_Exercise_. When you transcribe the listing that follows, keep every line exact and omit the pictures.

_Source data_.
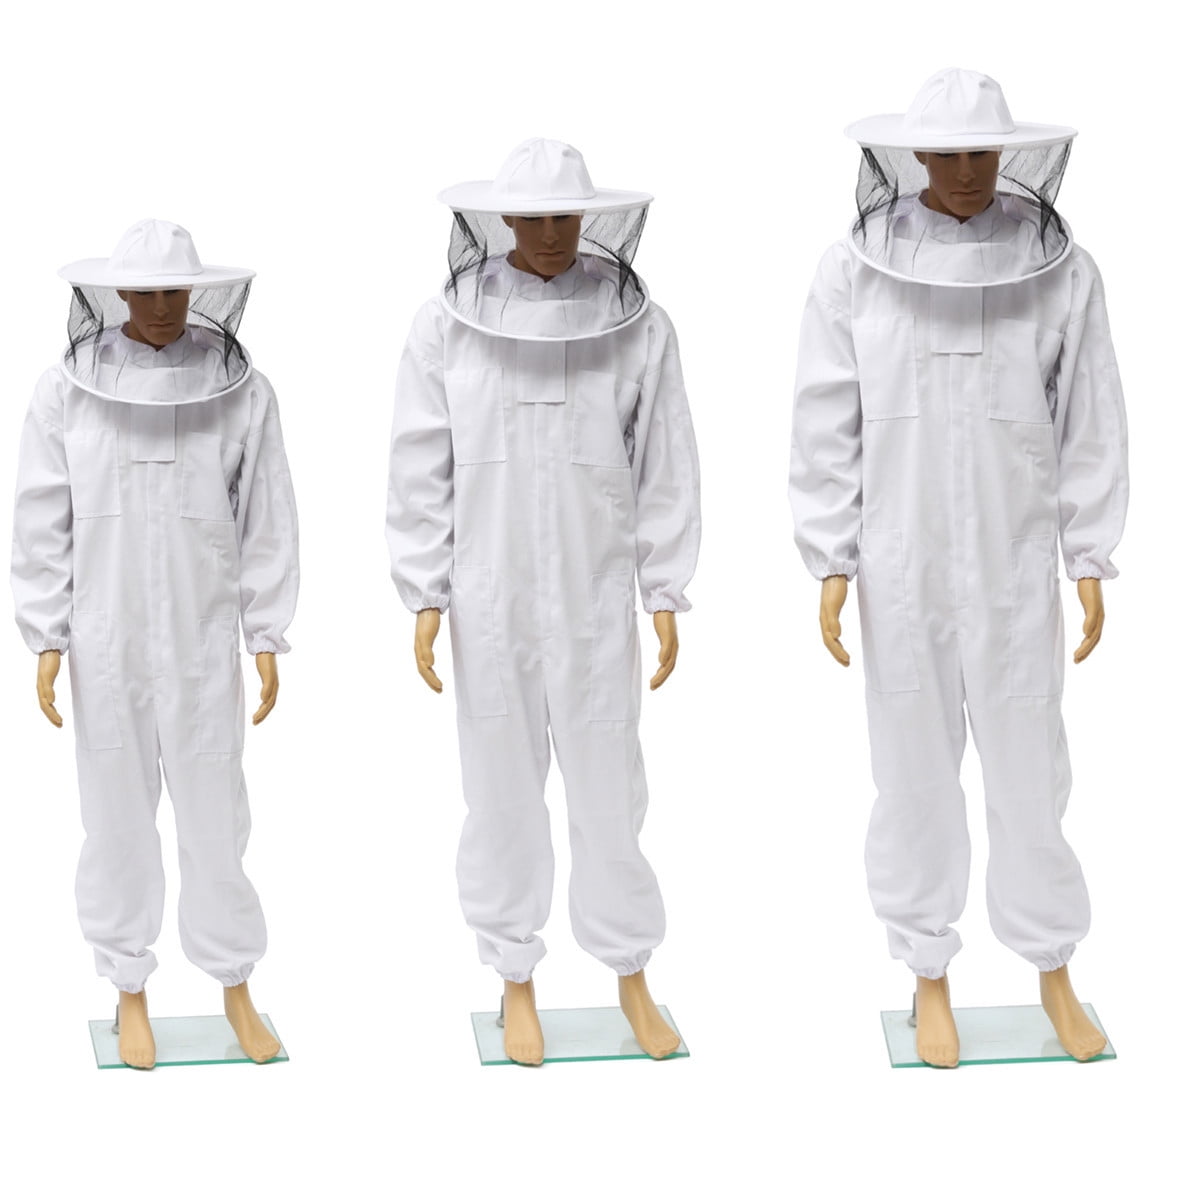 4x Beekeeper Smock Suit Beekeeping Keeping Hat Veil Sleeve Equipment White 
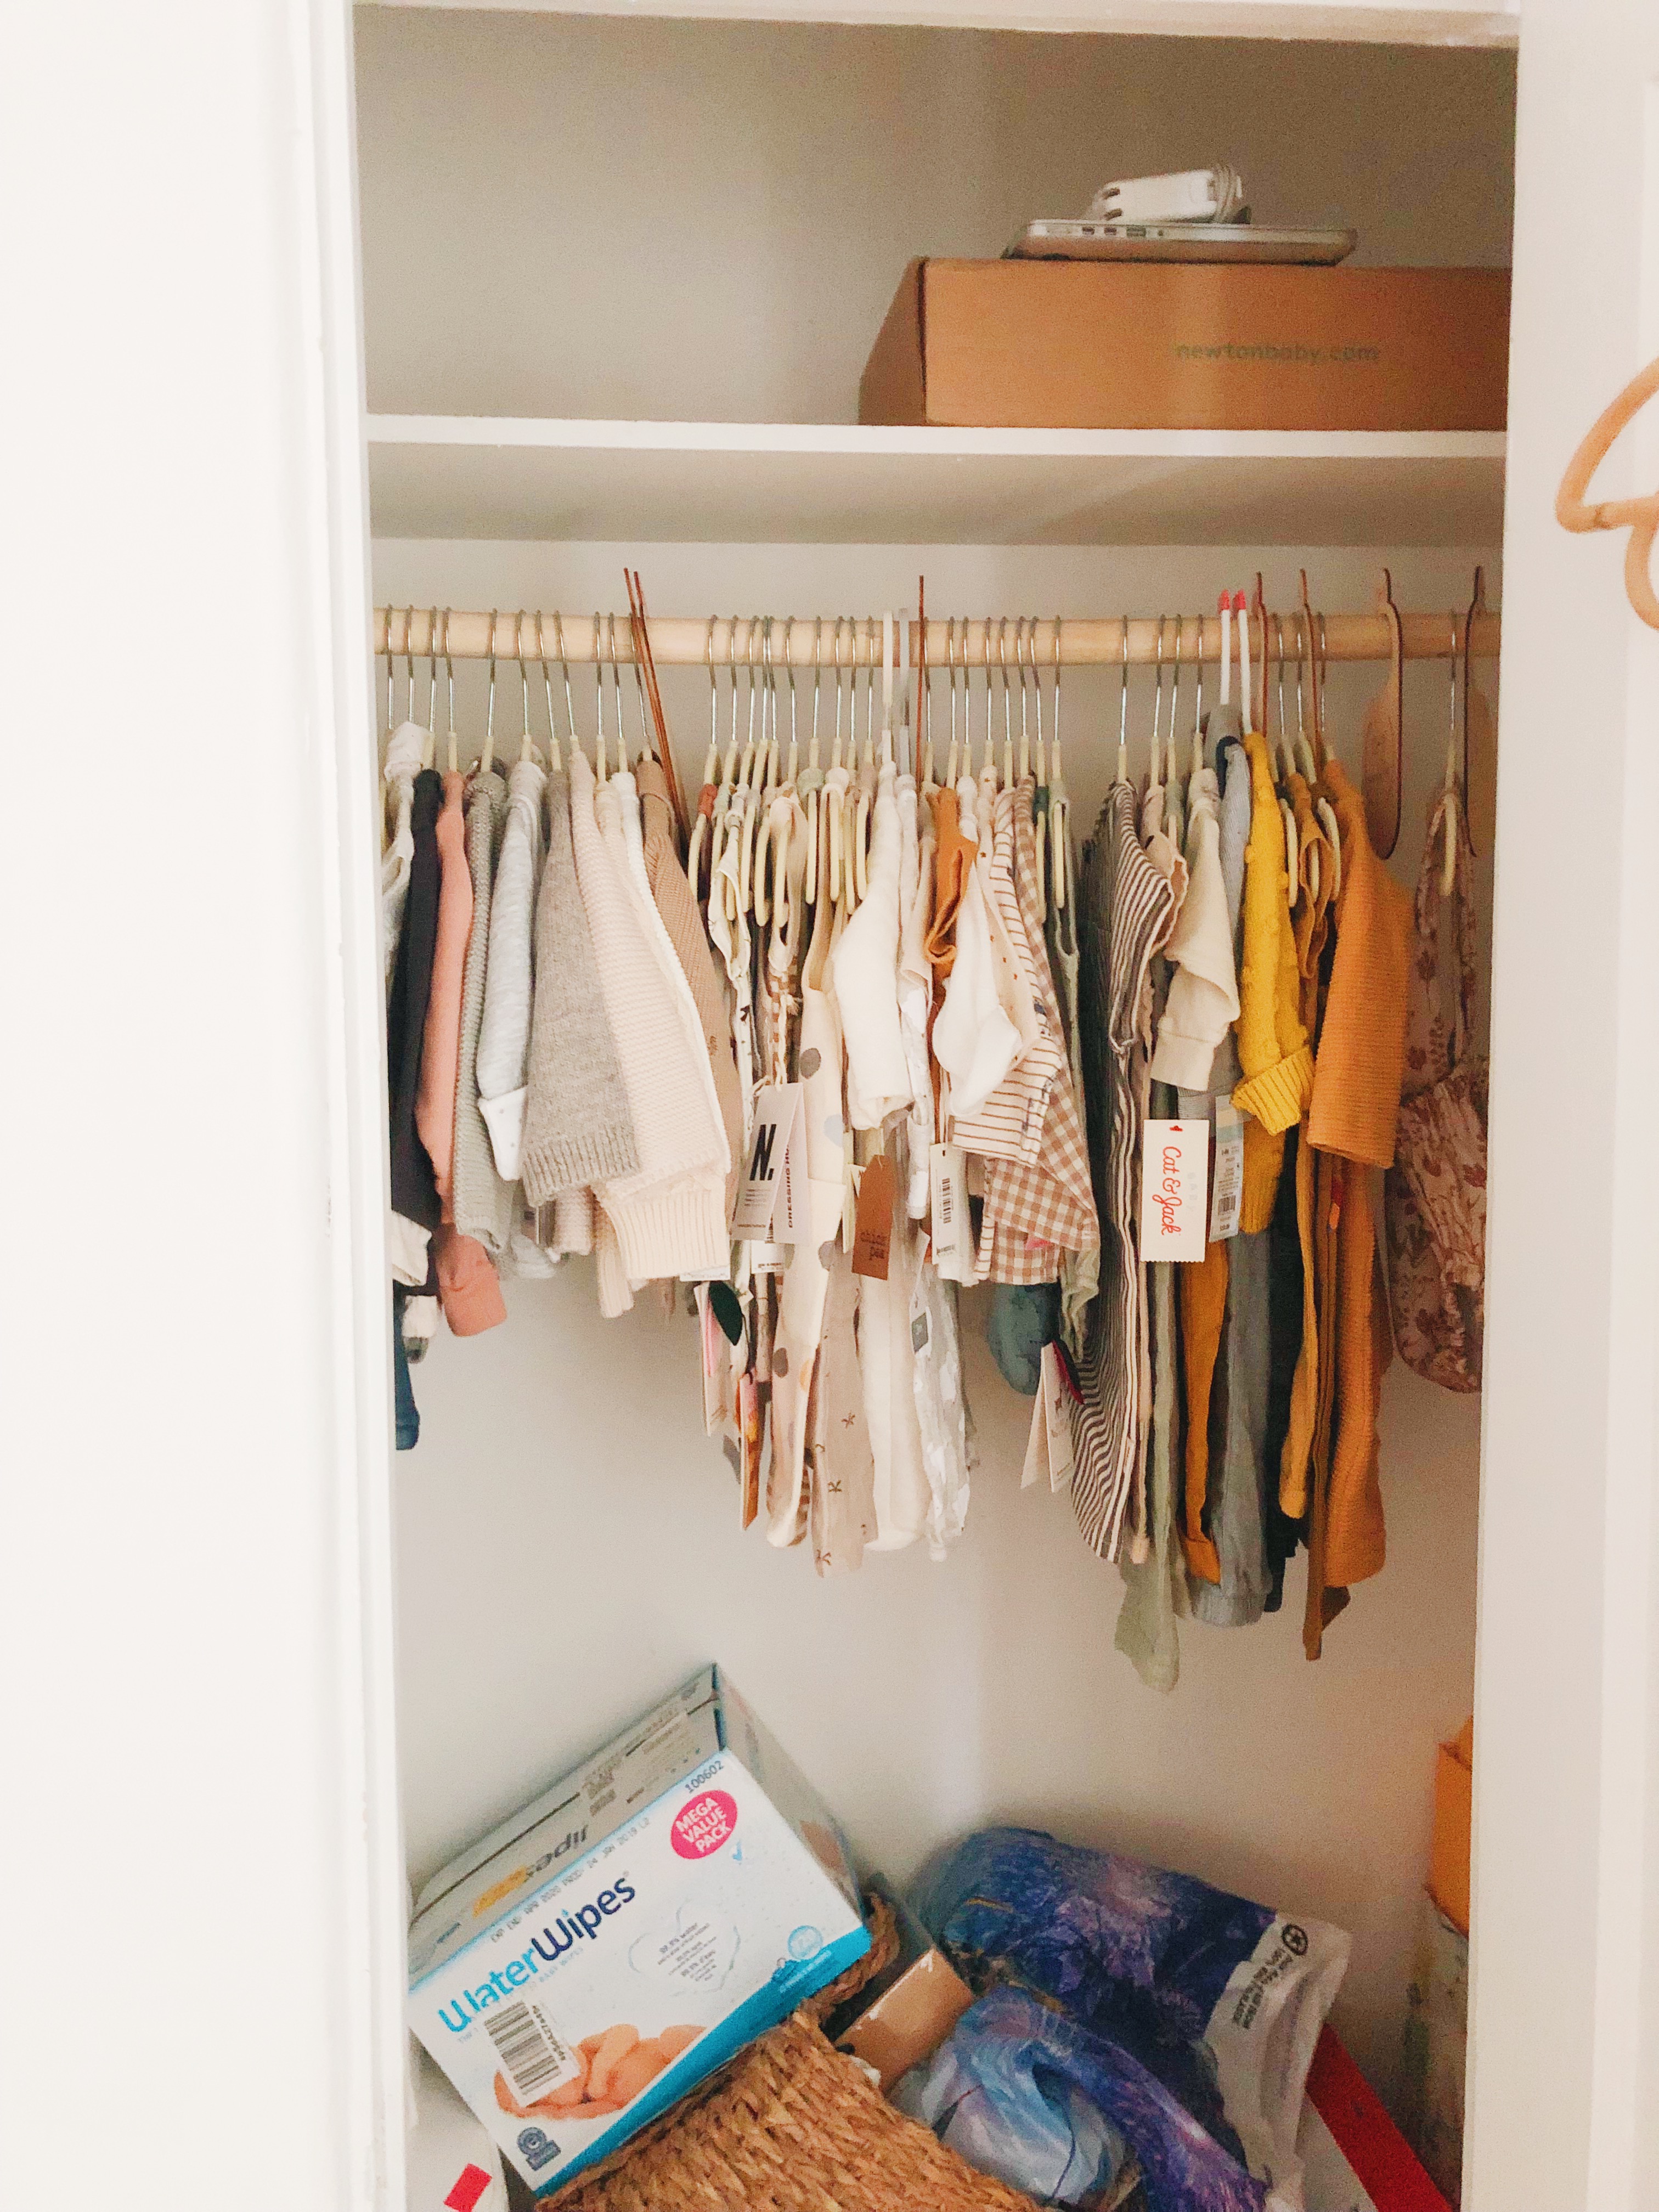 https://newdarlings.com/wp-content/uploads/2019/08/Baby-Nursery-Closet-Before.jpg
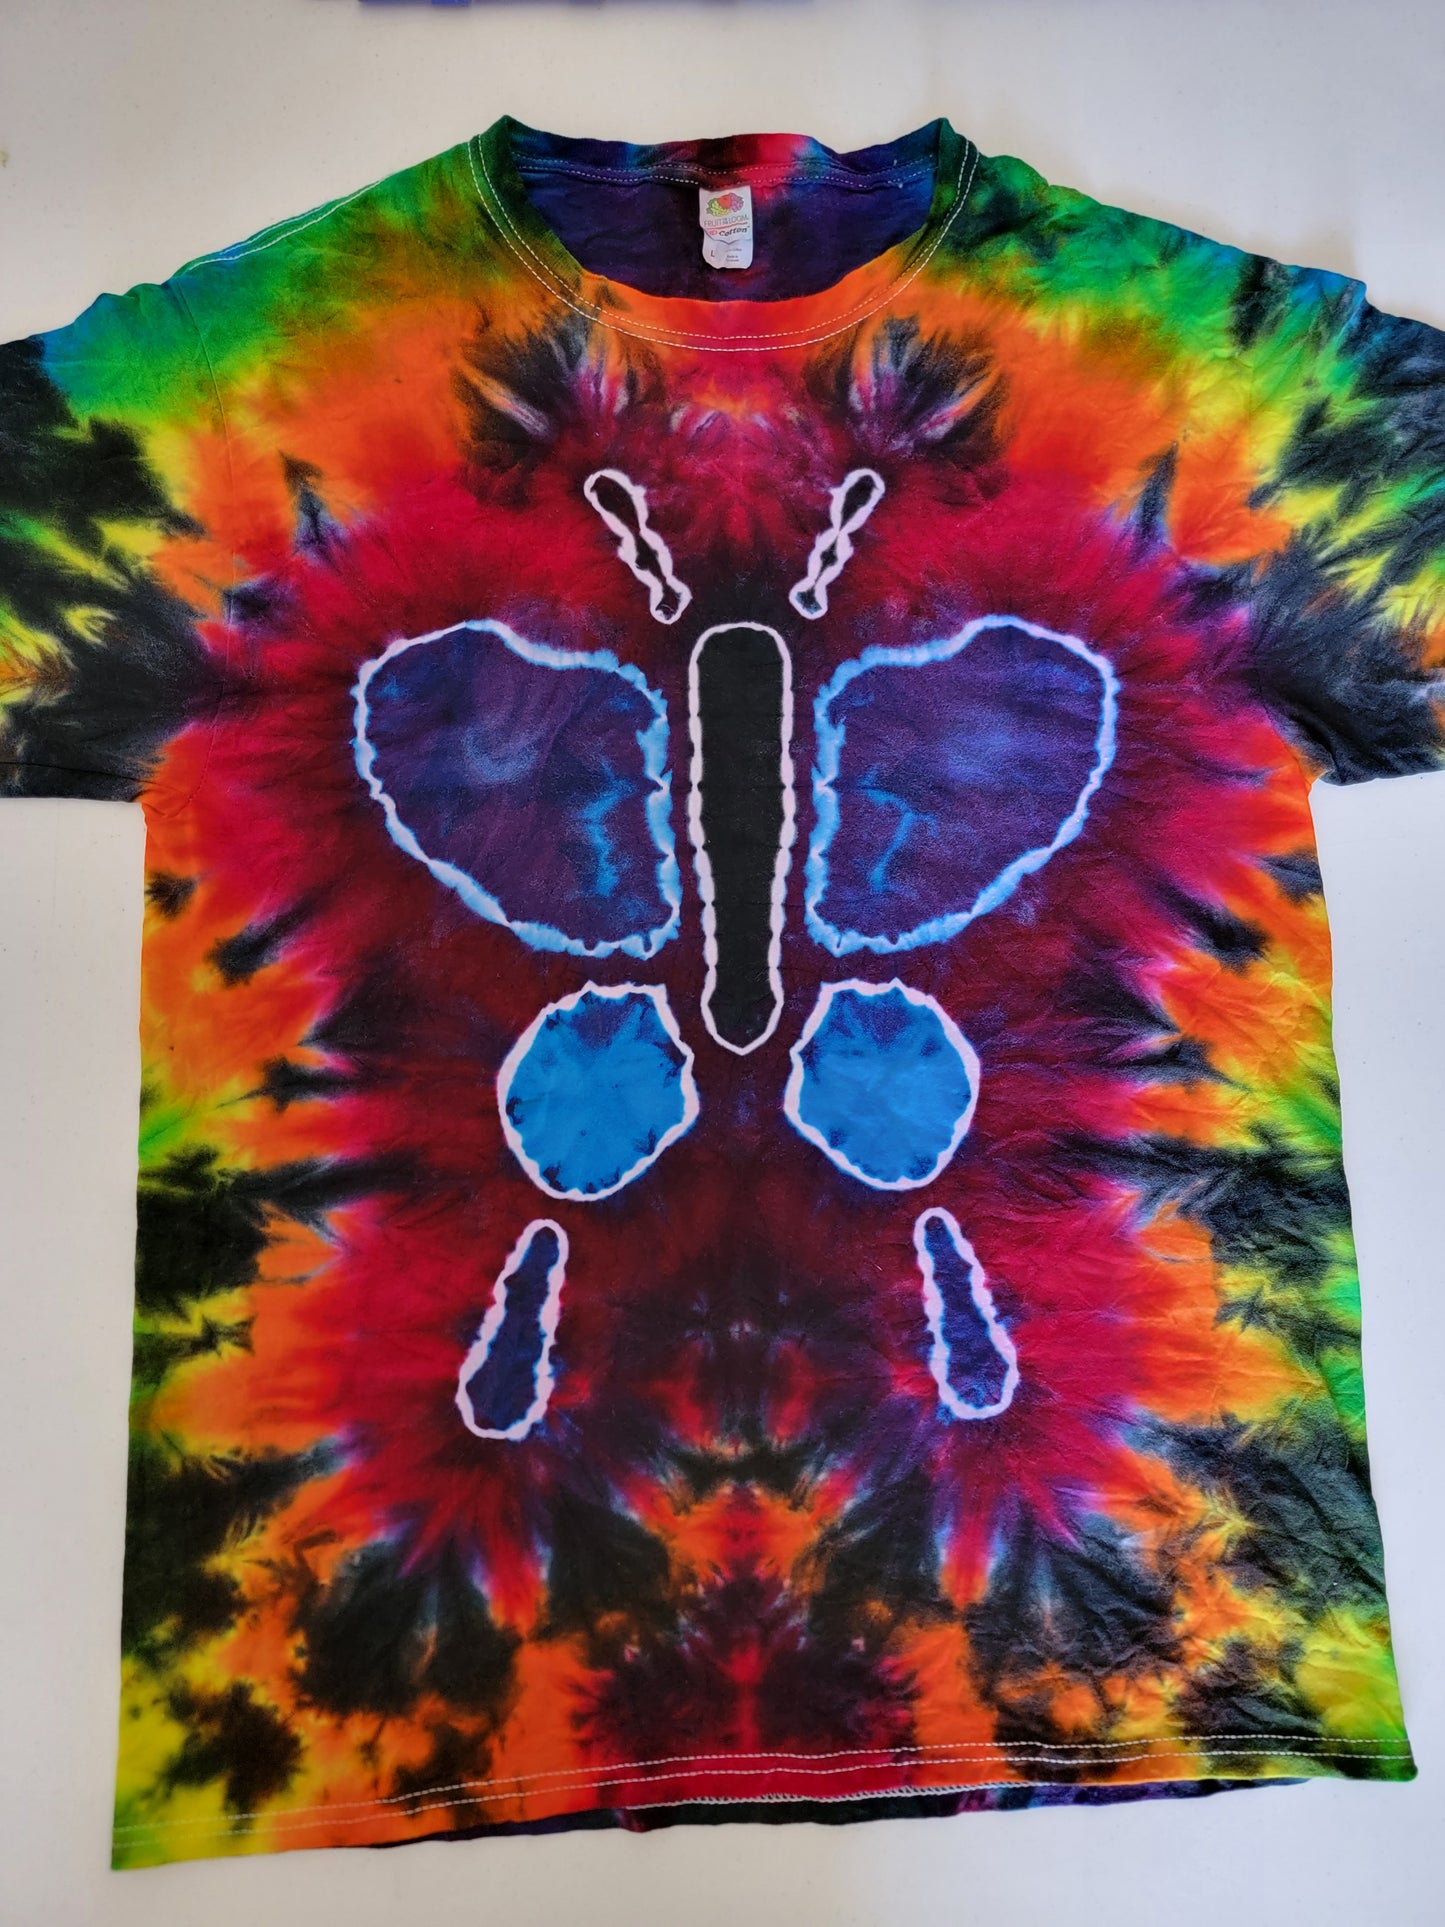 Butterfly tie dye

_Result of the exercise_.
 4x Beekeeper Smock Suit Beekeeping Keeping Hat Veil Sleeve Equipment White 
 https://newdarlings.com/wp-content/uploads/2019/08/Baby-Nursery-Closet-Before.jpg
 Butterfly tie dye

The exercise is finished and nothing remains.